We take a look at three of Spain's most delicious exports and leave you with a recipe for fresh, fruity sangria to get the fiesta started!
As Spain's equivalent to champagne, cava is a light, dry sparkling wine that has a very important place in Catalan culture and cookery.
The word cava literally means "underground cellar", and its annual production volume is approximately 12.5 million cases. This is highest for a sparkling wine made by the same traditional method as champagne and second only to true champagne. It's an important part of Catalan and Spanish family tradition and is often consumed at celebrations like baptisms, marriages, banquets, dinners and parties.
After the wine undergoes fermentation it is poured into heavy-duty wine bottles. The winemaker adds a mixture of sugar and yeast to the wine so that the wine will undergo a second fermentation. The bottle is then capped, trapping carbon dioxide gas n the bottle which ultimately produces the bubbles.
Try it either as an aperitif, or with one of the combination dishes of poultry cooked with fruit for which Catalonia is famous.

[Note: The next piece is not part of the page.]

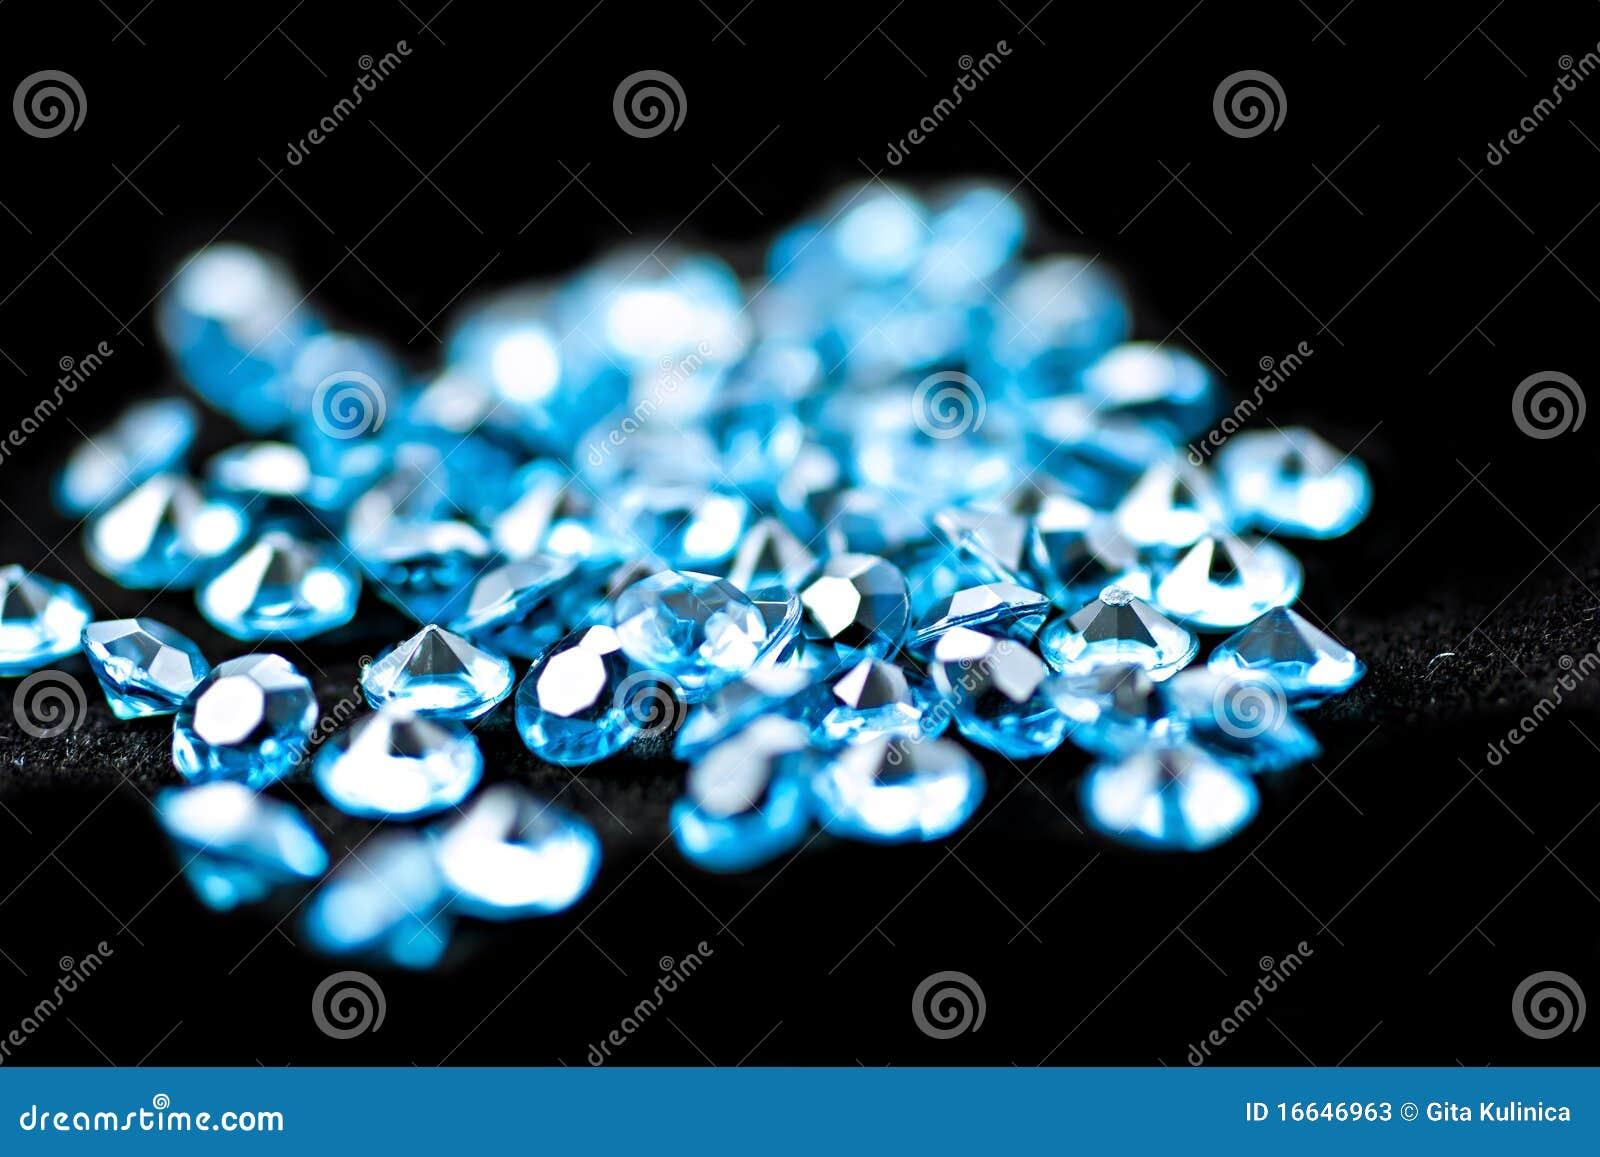 Diamanti blu.

Poor old sherry - for many years it had a reputation of being a sweet drink enjoyed mainly by grandparents. But people are slowly starting to realise that sherry is a worthy drink for all wine lovers. It is being lauded for its diversity, depth and deliciousness, as it finally comes out of the pantry and into the drinks cabinet.
Sherry has a long history of serving everyone from Christopher Columbus to Shakespeare, and is a fortified wine produced in southwest Spain's "Sherry Triangle." This triangle consists of the three sunny towns of Puerto de Santa María, Jerez and Sanlúcar de Barrameda.

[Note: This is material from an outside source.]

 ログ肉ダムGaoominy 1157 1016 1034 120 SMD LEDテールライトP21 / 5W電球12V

Sherry wines must go through a solera system for adequate aging. This is basically a blending system, where the youngest Sherries are blended into a series of casks holding progressively older Sherries. So sherries don't really have a vintage date, as they are really a blend of many years.
The real origins of this drink are unknown; however we do know that it became popular in Spain during the 1800s. The name "Sangria" comes from the Latin word meaning "Colour of blood", and it was first introduced to the world at New York's World Trade Fair in 1964. Obviously, it was a huge hit and sangria is now enjoyed all over the world.

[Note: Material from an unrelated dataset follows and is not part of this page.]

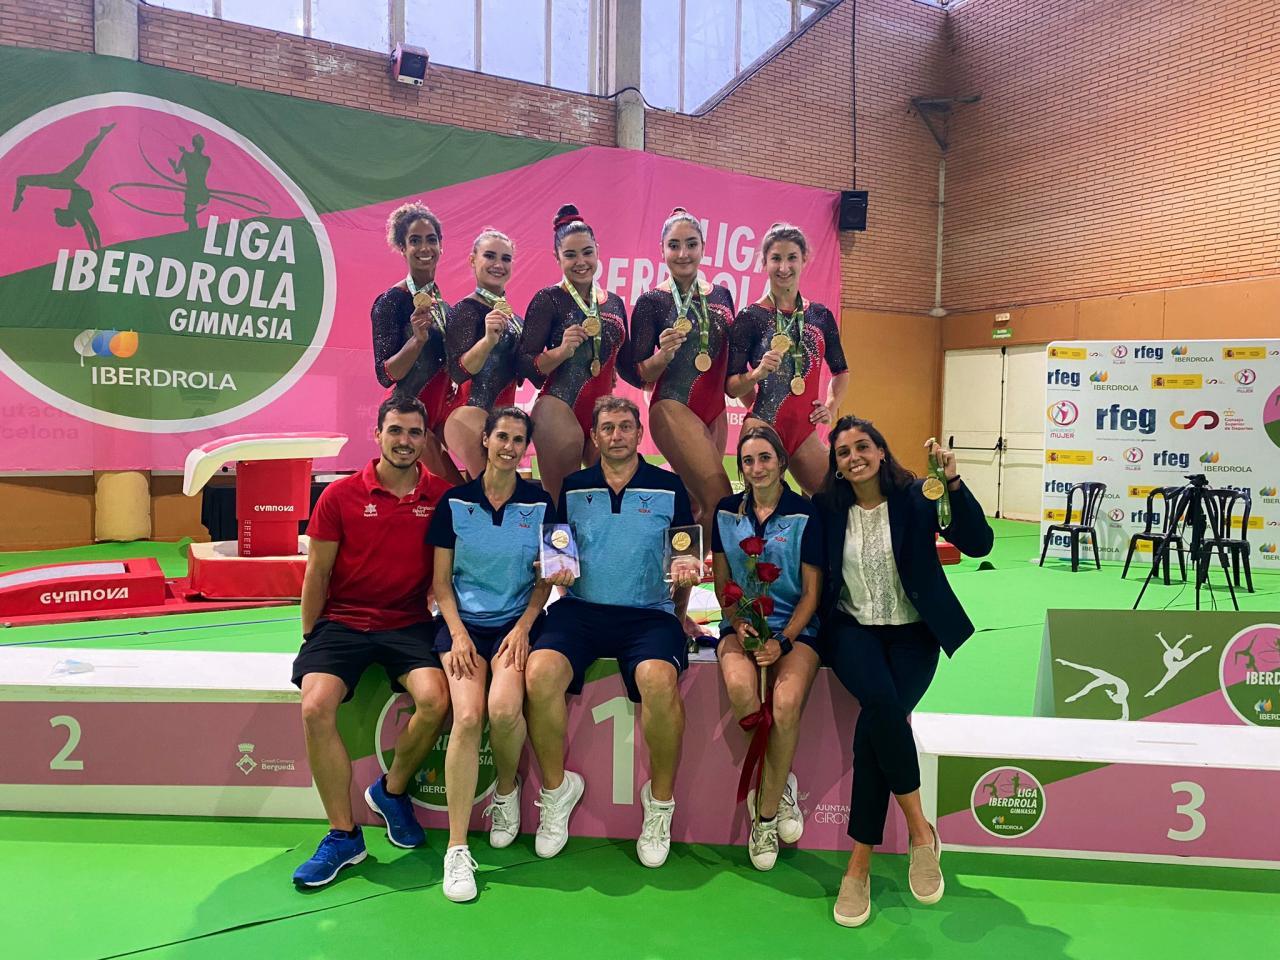 El Xelska manda con autoridad en el inicio de la Liga Iberdrola de gimnasia

When you think of sangria, fresh summer fruits spring to mind and the beauty of this drink is that once you've got the base sorted you can tweak it according to your tastes.
Some people prefer to make it using white wine, and this is known as sangria blanca. Or you can add cava to make sparkling sangria.
Here's a basic sangria recipe from The Cook's Illustrated that we think will help get your summer party started. It's important to note that they tested it with both expensive and inexpensive wines and found the cheaper ones actually had a better flavour!
Feel free to fiddle around and come up with your own concoctions. Use all sort of chopped up fruit, including orange, lemon, lime, apple, peach, melon, berries, pineapple, grape and mango. Come up with your own flavours and make a big jug for your next barbecue.
• 1 (750ml) bottle inexpensive, fruity, medium-bodied red wine, chilled (Rioja works well)
• 2 large juice oranges, washed; one orange sliced; remaining orange juiced
• 1 large lemon, washed and sliced
• 1/4 cup granulated white sugar (I like to use superfine sugar)
• 1/4 cup Triple Sec (or Cointreau if you've got the cash!)
• Add sliced orange and lemon and sugar to large pitcher. Mash gently with wooden spoon until fruit releases some juice, but is not totally crushed, and sugar dissolves, about 1 minute.
• Stir in orange juice, Triple Sec, and wine
• Refrigerate for at least 2 hours, or even overnight (no longer than about 8 hours before serving though)
• Before serving, add 6 to 8 ice cubes and stir briskly to distribute settled fruit and pulp; serve immediately.